**WORK TO BE COMPLETED:**
What is needed is the exact text of each line in the listing below from the one with "Kauai Dental Care" up to and including the one with "9 year boy cycle", and no pictures.

*** DATA IN THIS EXERCISE ***

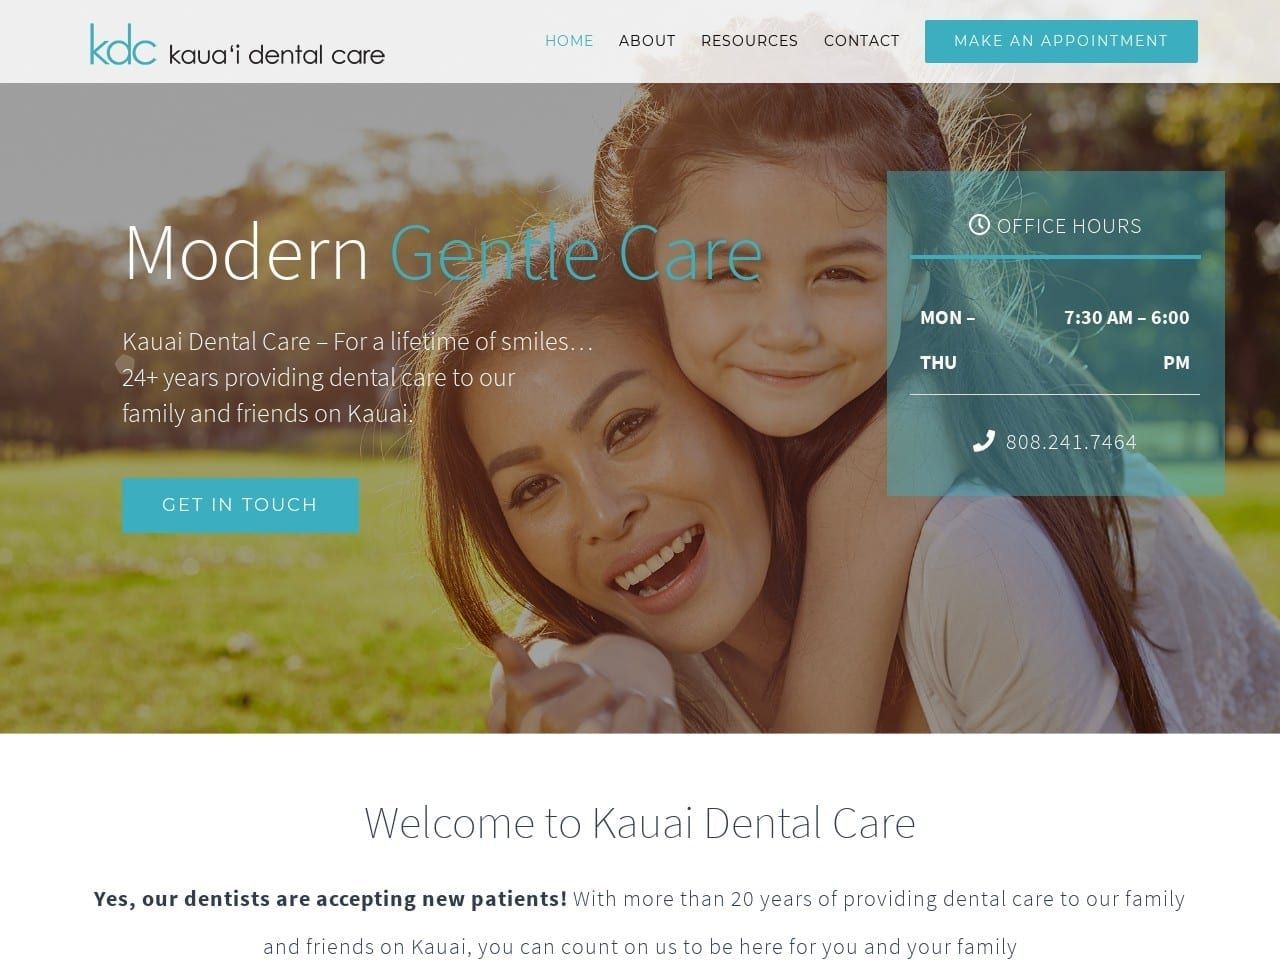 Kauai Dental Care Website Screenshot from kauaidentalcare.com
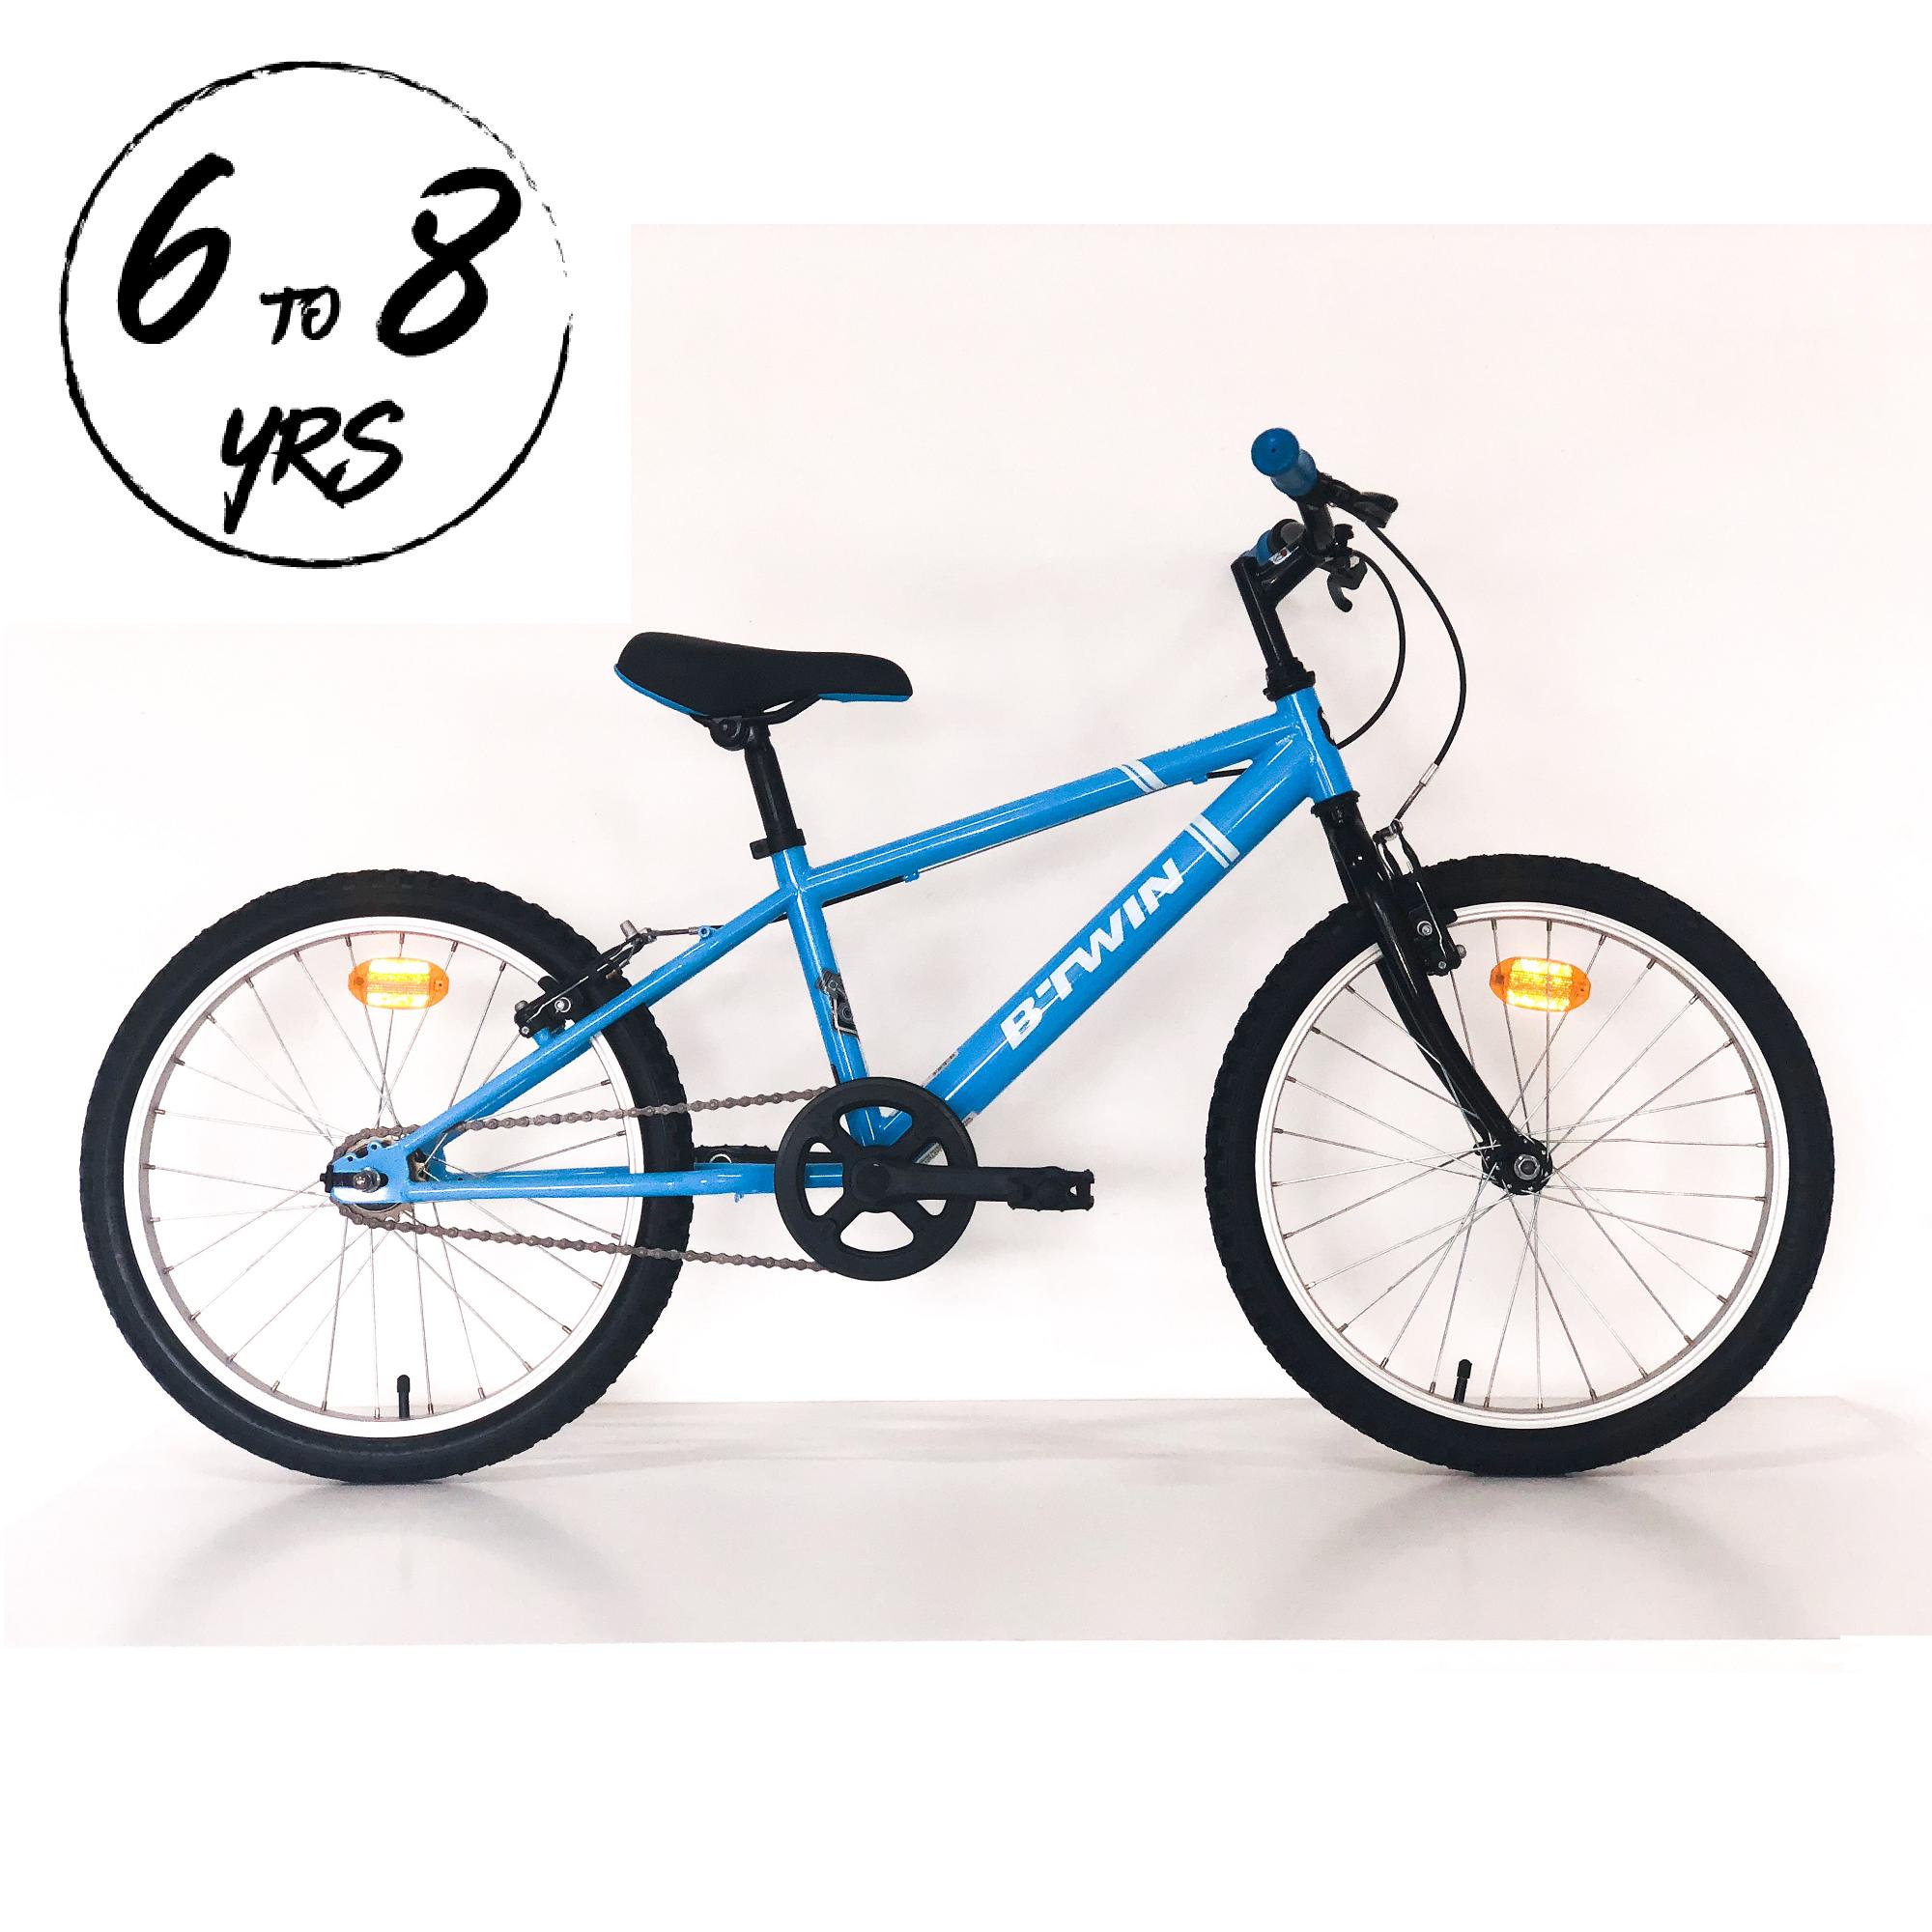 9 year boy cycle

***
*** DATA IN THIS EXERCISE ***

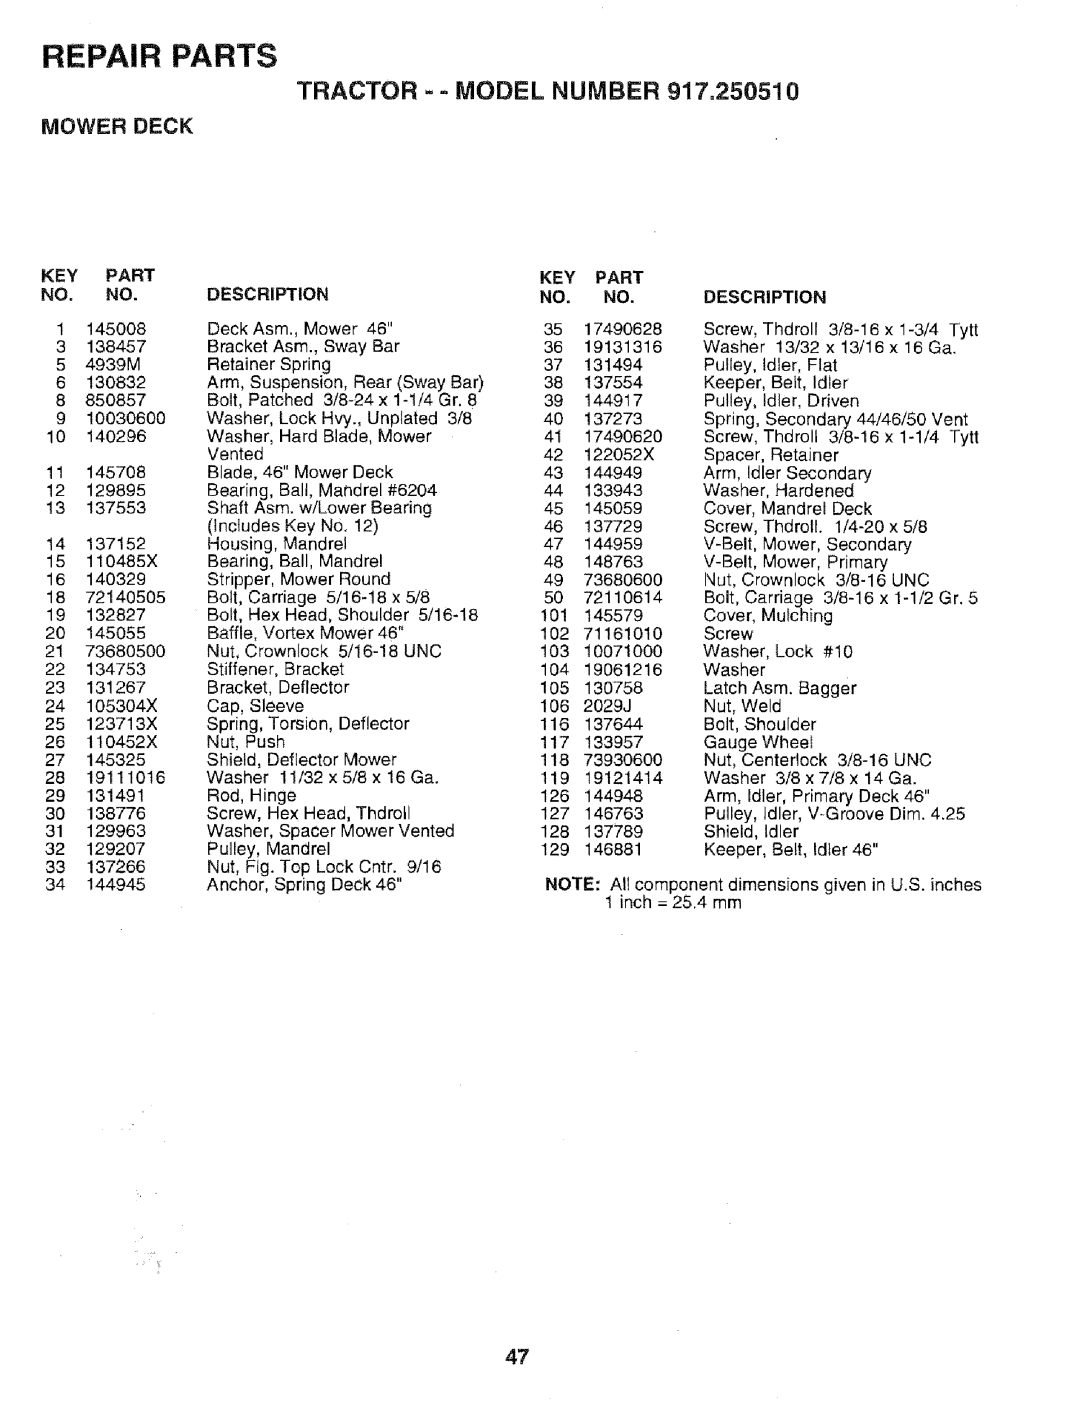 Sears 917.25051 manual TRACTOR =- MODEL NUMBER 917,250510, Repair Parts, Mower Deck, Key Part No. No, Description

***
*** DATA IN THIS EXERCISE ***

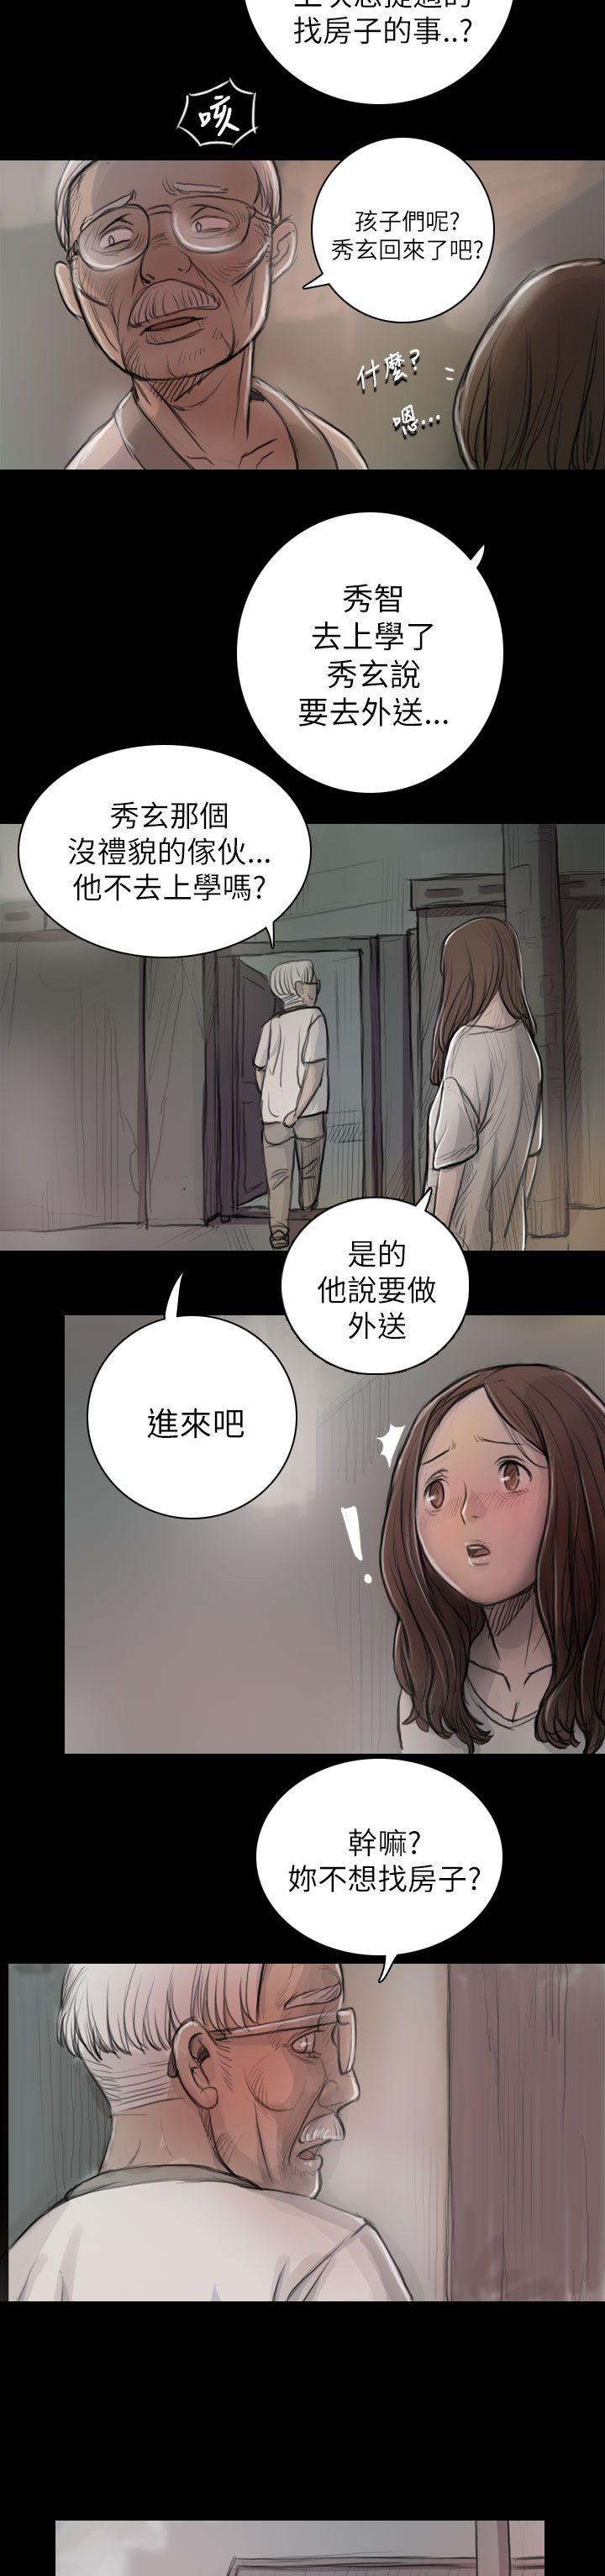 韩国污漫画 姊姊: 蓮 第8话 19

***

**ANSWER AREA:**
 Kauai Dental Care Website Screenshot from kauaidentalcare.com
 9 year boy cycle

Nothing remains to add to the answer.